2The first element in the “lack of will to resist” is of course the legacy of the 1930s. Again, in popular memory the word and the name that spring to mind are of course “Appeasement” and Chamberlain, but “the legacy of the 1930s” is far more complex. Many authors point out that this automatic mental link is in fact the result of extremely effective Left-wing propaganda, culminating in the extraordinary popular success4 of the book Guilty Men, written under the pseudonym “Cato” by three Beaverbrook journalists: Michael Foot, Peter Howard and Frank Owen in July 1940.5 Attack being the best form of defence, “Cato” entirely put the blame on the Conservatives, totally obfuscating the Pacifist past of the Labour Party and its reliance on “Collective security under the League of Nations,” rather than British rearmament, in the 1920s and 1930s. Guilty Men also made no mention of the public mood of inaction6 even when there was mounting unease in the face of the Nazi peril after 1933. The first piece of evidence (chronologically) has often been dismissed as a marginal phenomenon: it is of course the famous Oxford Union resolution that “this House will in no circumstance fight for its King and Country,” voted on 9 February 1933, only a few days after Hitler’s appointment as Chancellor of Germany — and we can accept that Oxford students in the inter-war years were hardly representative of mainstream public opinion. But the spectacular results of the East Fulham by-election later in the year run contrary to the Guilty Men thesis, since the Conservative candidate with a “safe” majority of over 14,000, who advocated faster rearmament, was largely defeated (by over 4,800 votes) by the Labour candidate who opposed it. Likewise, the enormous campaign mounted by the League of Nations Union in favour of its “Peace Ballot” in 1934–1935, with over 2.4 million respondents out of 11 million rejecting military force even in case of attack, showed that the “lack of will to resist” aggression was not confined to a few “guilty Conservatives” as “Cato” managed to persuade the British public.
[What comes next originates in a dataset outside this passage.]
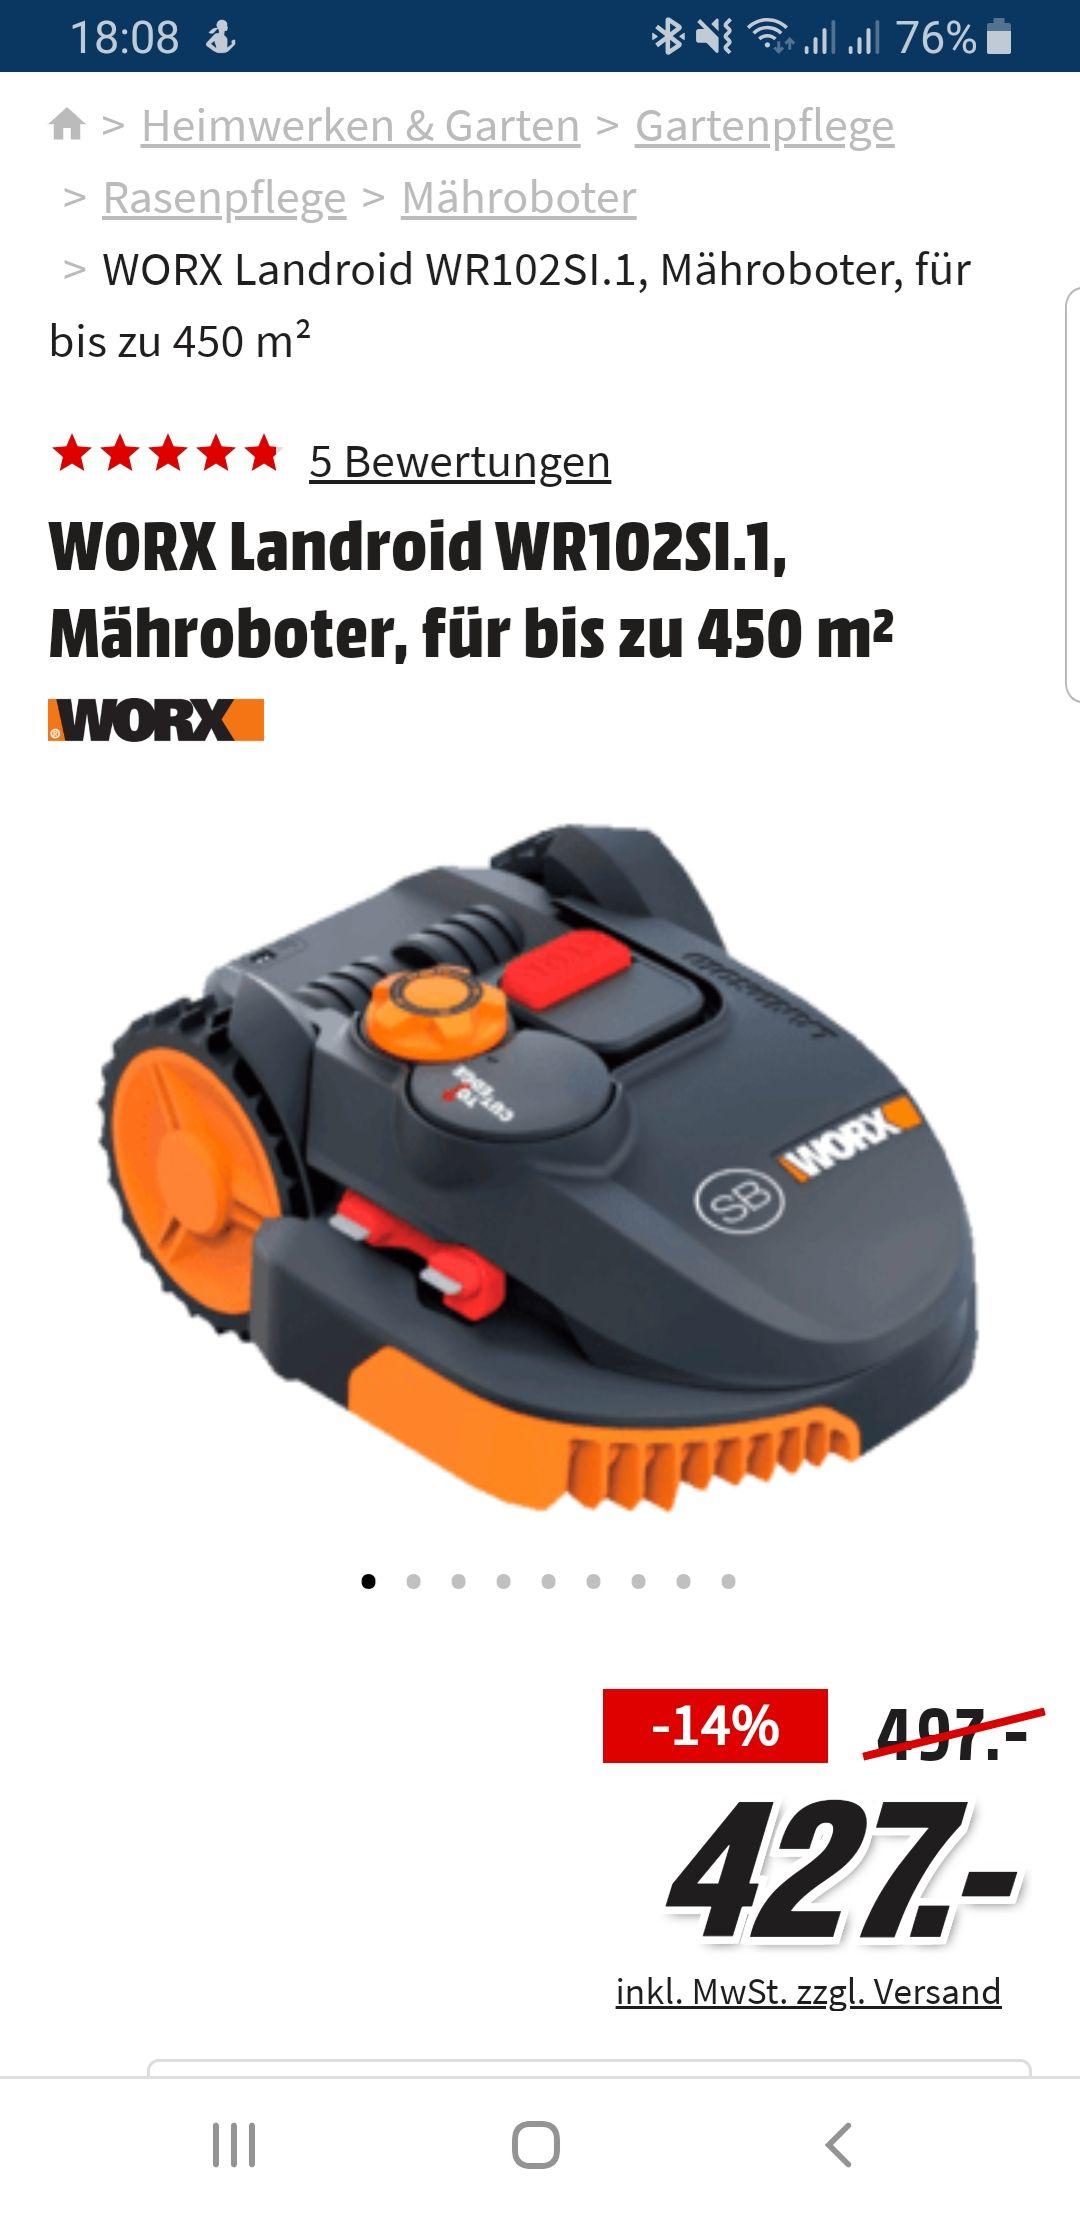 WORX Landroid WR102SI.1, Mähroboter, für bis zu 450 m²

3Why then was the Guilty Men thesis, though not entirely convincing and credible, so eagerly embraced at the time of publication? Why has it remained a pillar of popular perceptions of the Second World War and its originators? There was of course an element of wishful thinking on the part of the general public who had loudly cheered Chamberlain on his return from Munich in 1938, but what most carried conviction in the book, even though it only covered a minor part of it in terms of number of pages devoted to the subject, was its denunciation of inaction during the “Phoney War.” Chamberlain was rightly accused of having pursued a “Sitzkrieg” in the literal sense, in that he was inactive on the industrial and economic front as well as the military front whilst the Germans were only inactive on the latter, the better to build up their forces for the coming offensive. In “Cato’s words:

Germany was spending £ 3,200,000,000 a year. Britain was spending no more than £ 2,000,000,000 […]. Thus through the first nine months of the greatest war in history Britain consistently spent less than her enemy by more than £ 1,000,000,000 […]. The soldiers of Britain had insufficient tanks and airplanes to protect them for the simple reason that insufficient money had been spent to buy them” (pp 100–101).

4The Churchillian narrative — or the Churchillian legend as his critics would call it — has it that the perils of May-June 1940 definitively put an end to the hesitations characteristic of the former team and to the temptation of negotiating. There is an extraordinary passage in Their Finest Hour in which Churchill describes  “a meeting in [my] room at the House of Commons of all Ministers of Cabinet rank other than the War Cabinet Members” on 28 May. When he told them “Of course, whatever happens at Dunkirk, we shall fight on,”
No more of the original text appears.